### Problem to solve:
An exact copy of all the lines below is required, with every image left out.

### Available data:

____

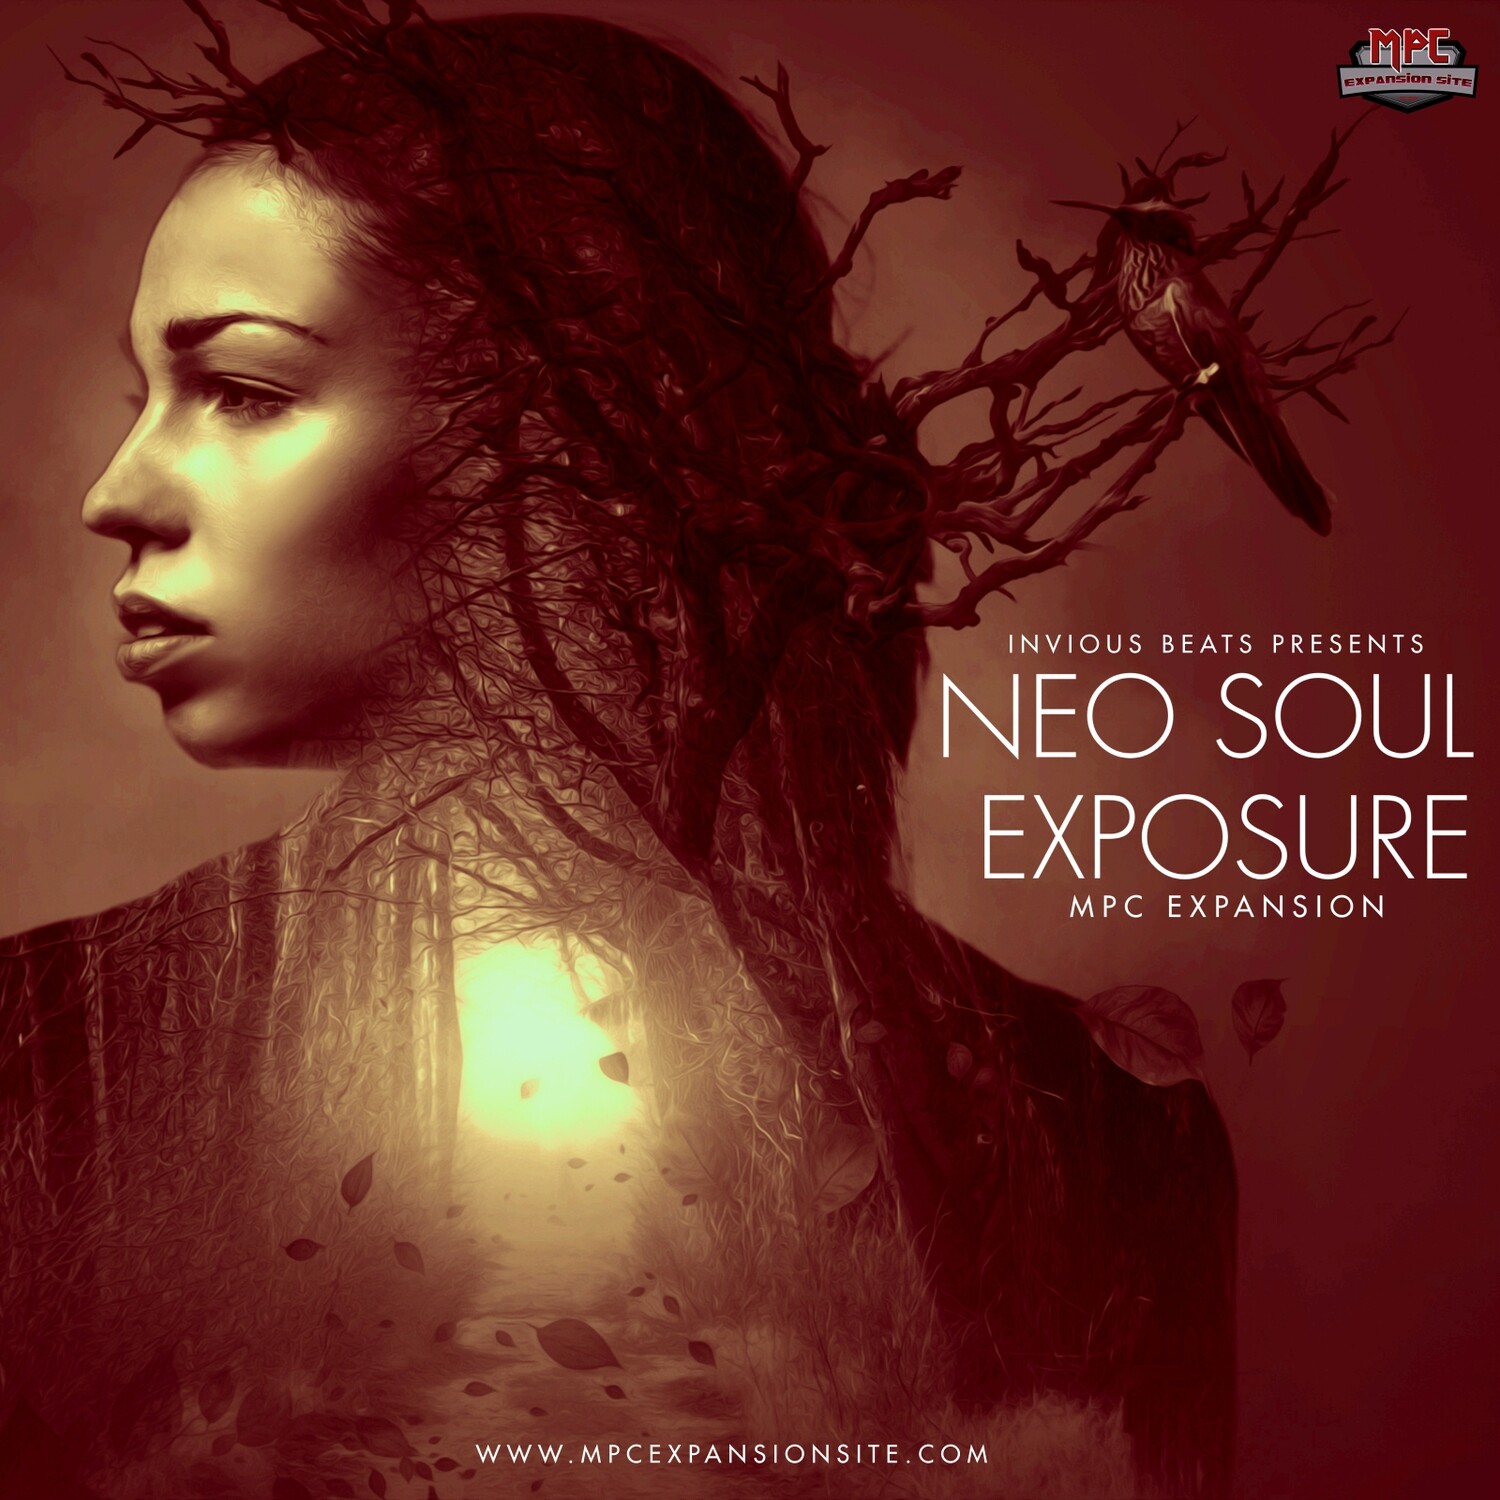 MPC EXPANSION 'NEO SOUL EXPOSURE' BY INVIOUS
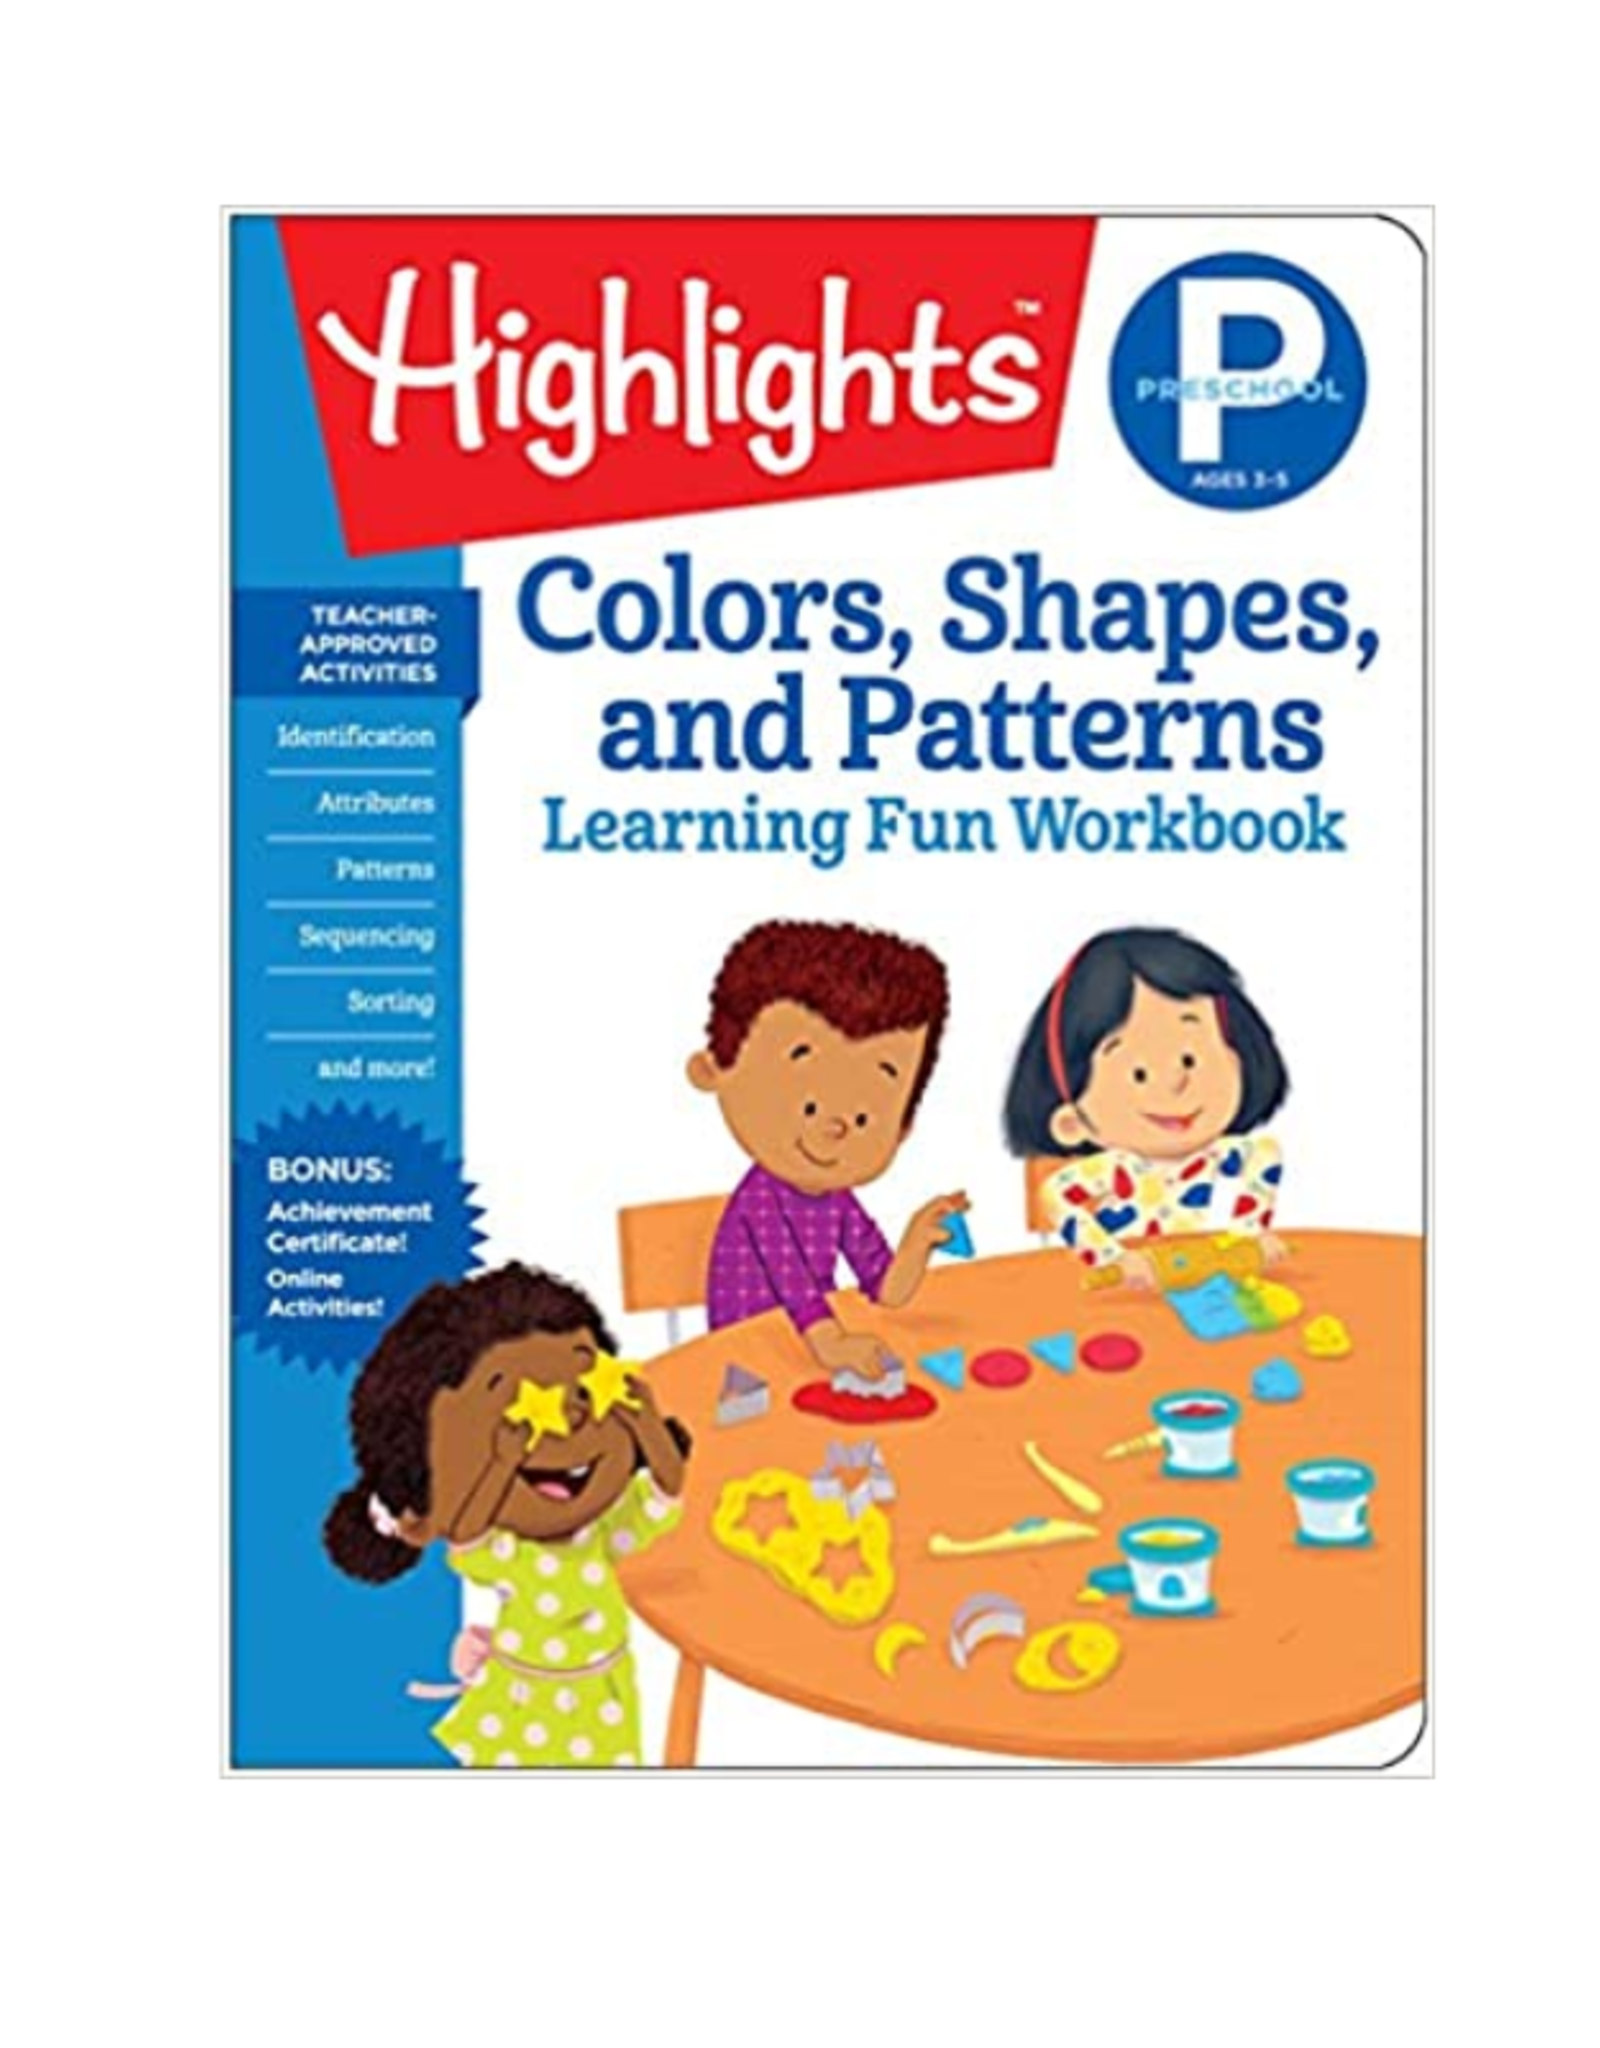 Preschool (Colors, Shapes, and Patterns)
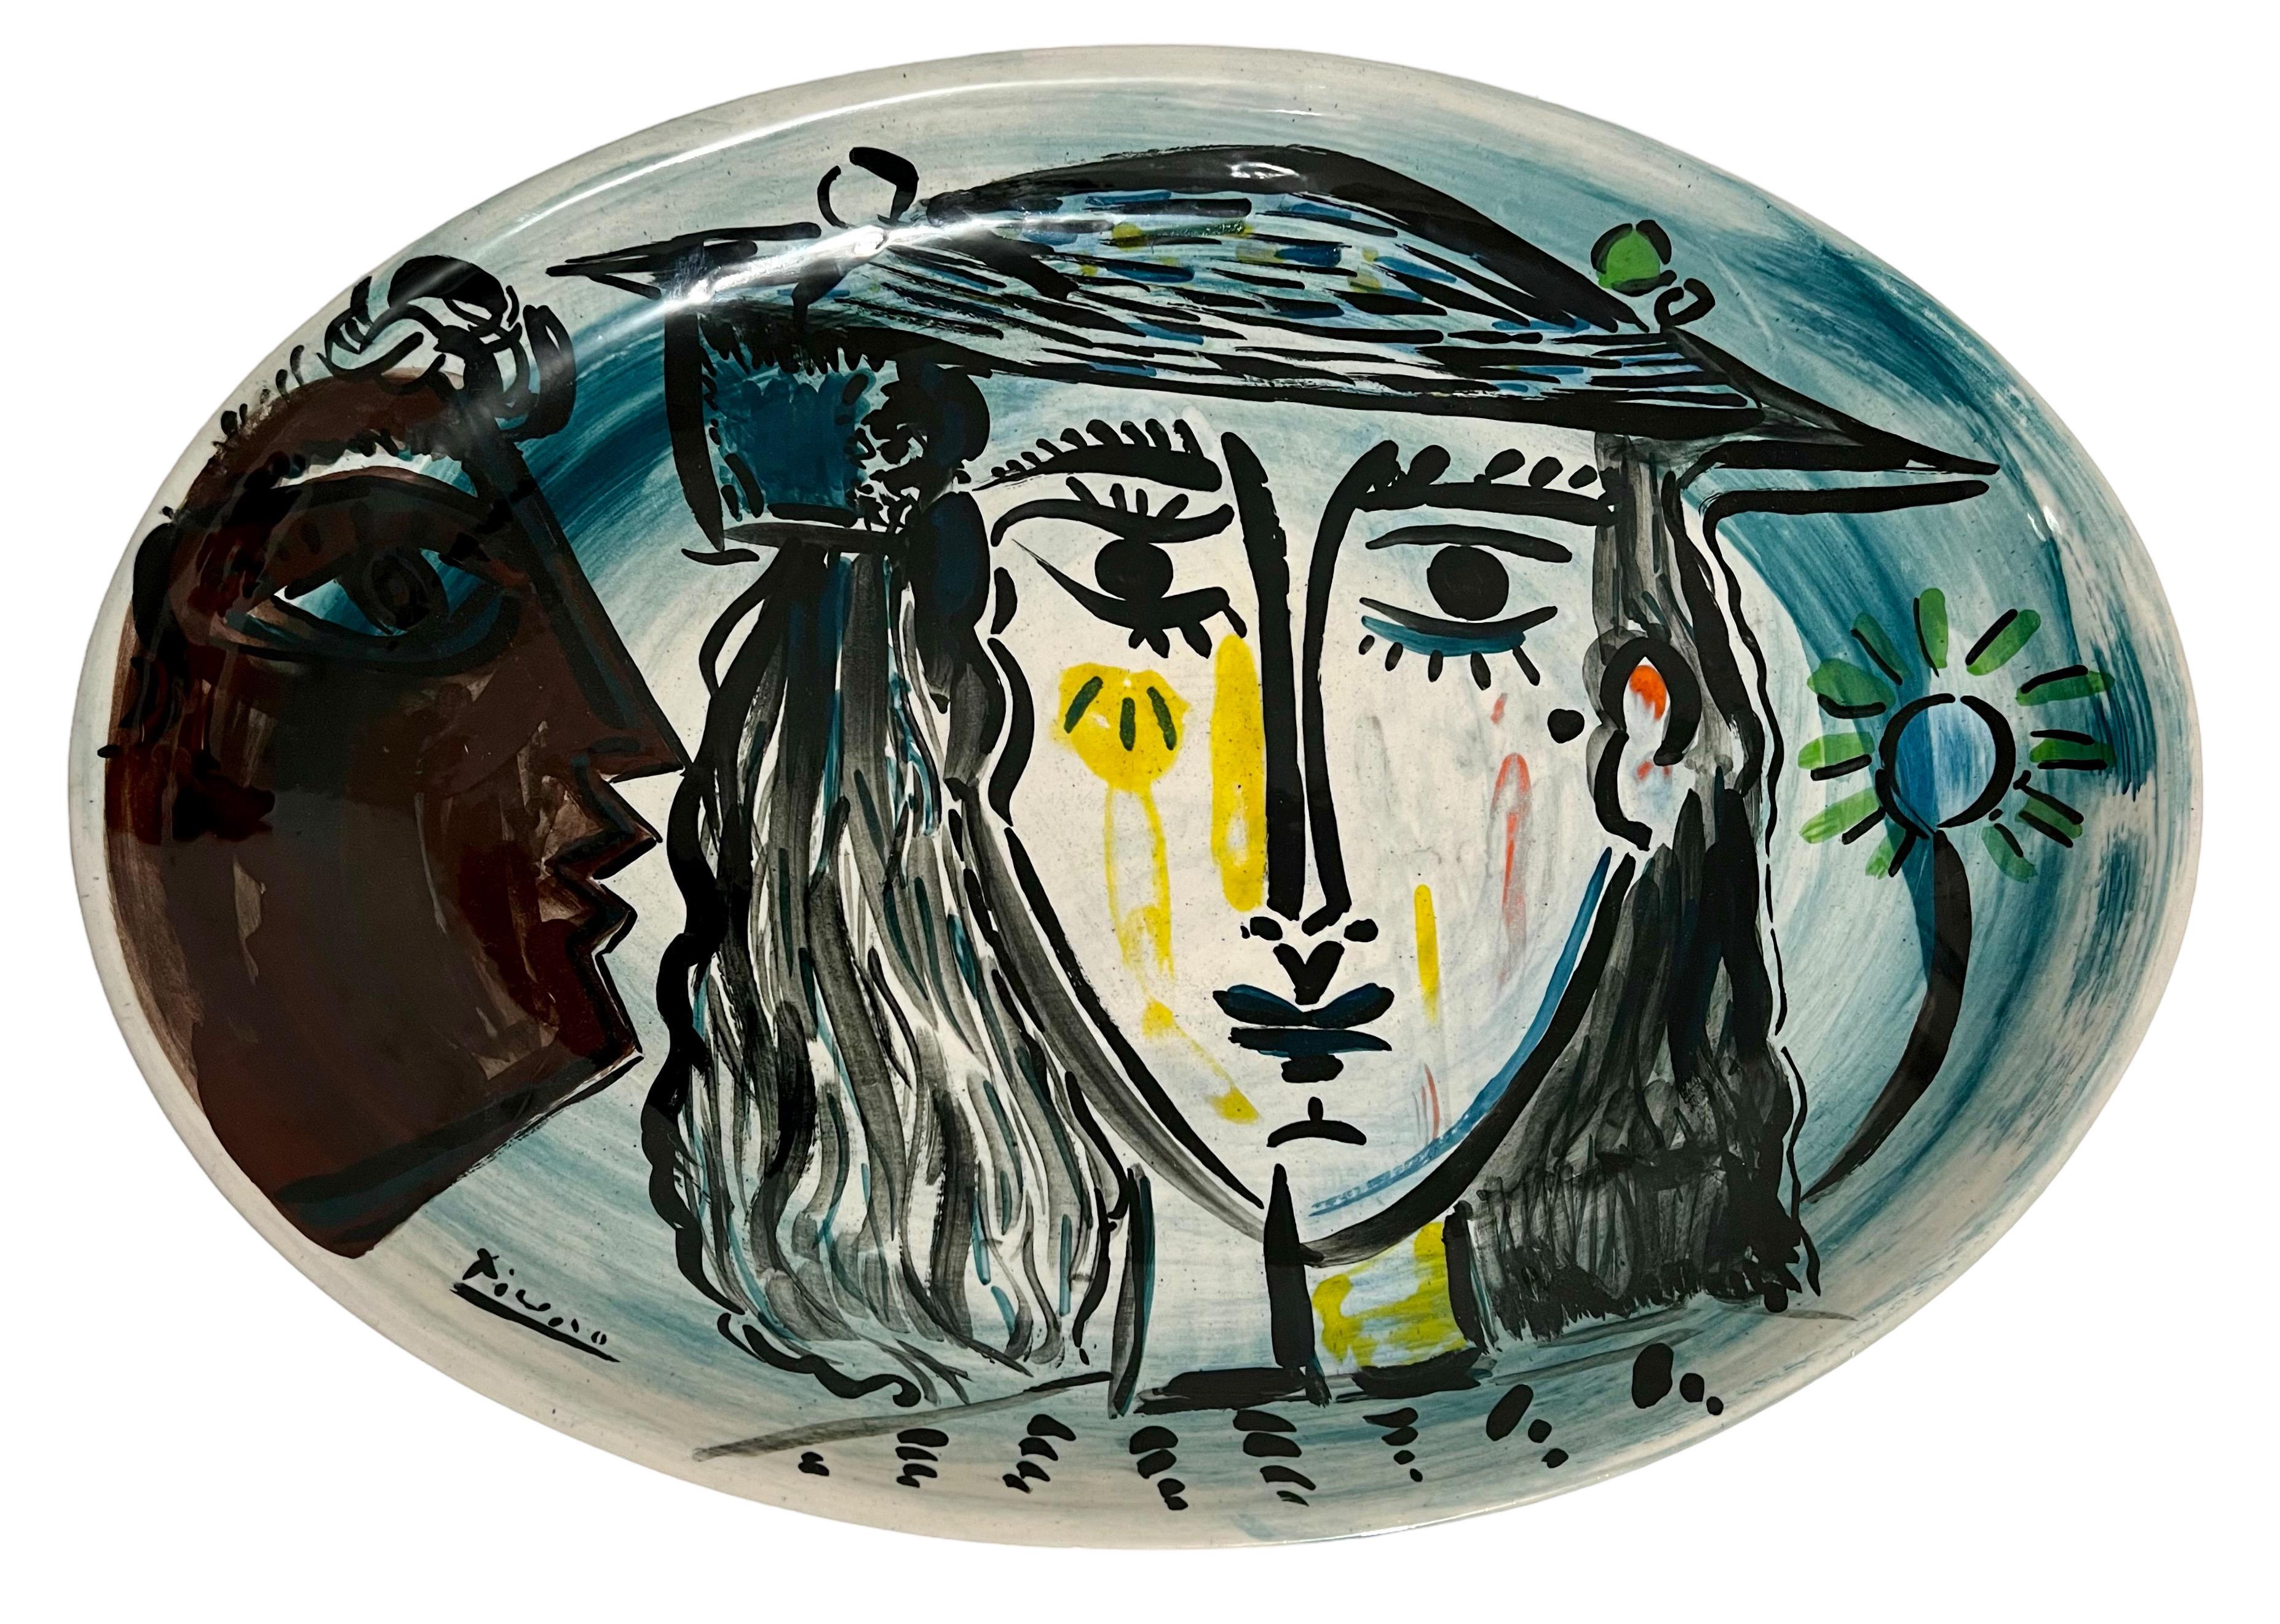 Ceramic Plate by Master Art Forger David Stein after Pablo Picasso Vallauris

____

### Answer section:
 MPC EXPANSION 'NEO SOUL EXPOSURE' BY INVIOUS
 Preschool (Colors, Shapes, and Patterns)
 Ceramic Plate by Master Art Forger David Stein after Pablo Picasso Vallauris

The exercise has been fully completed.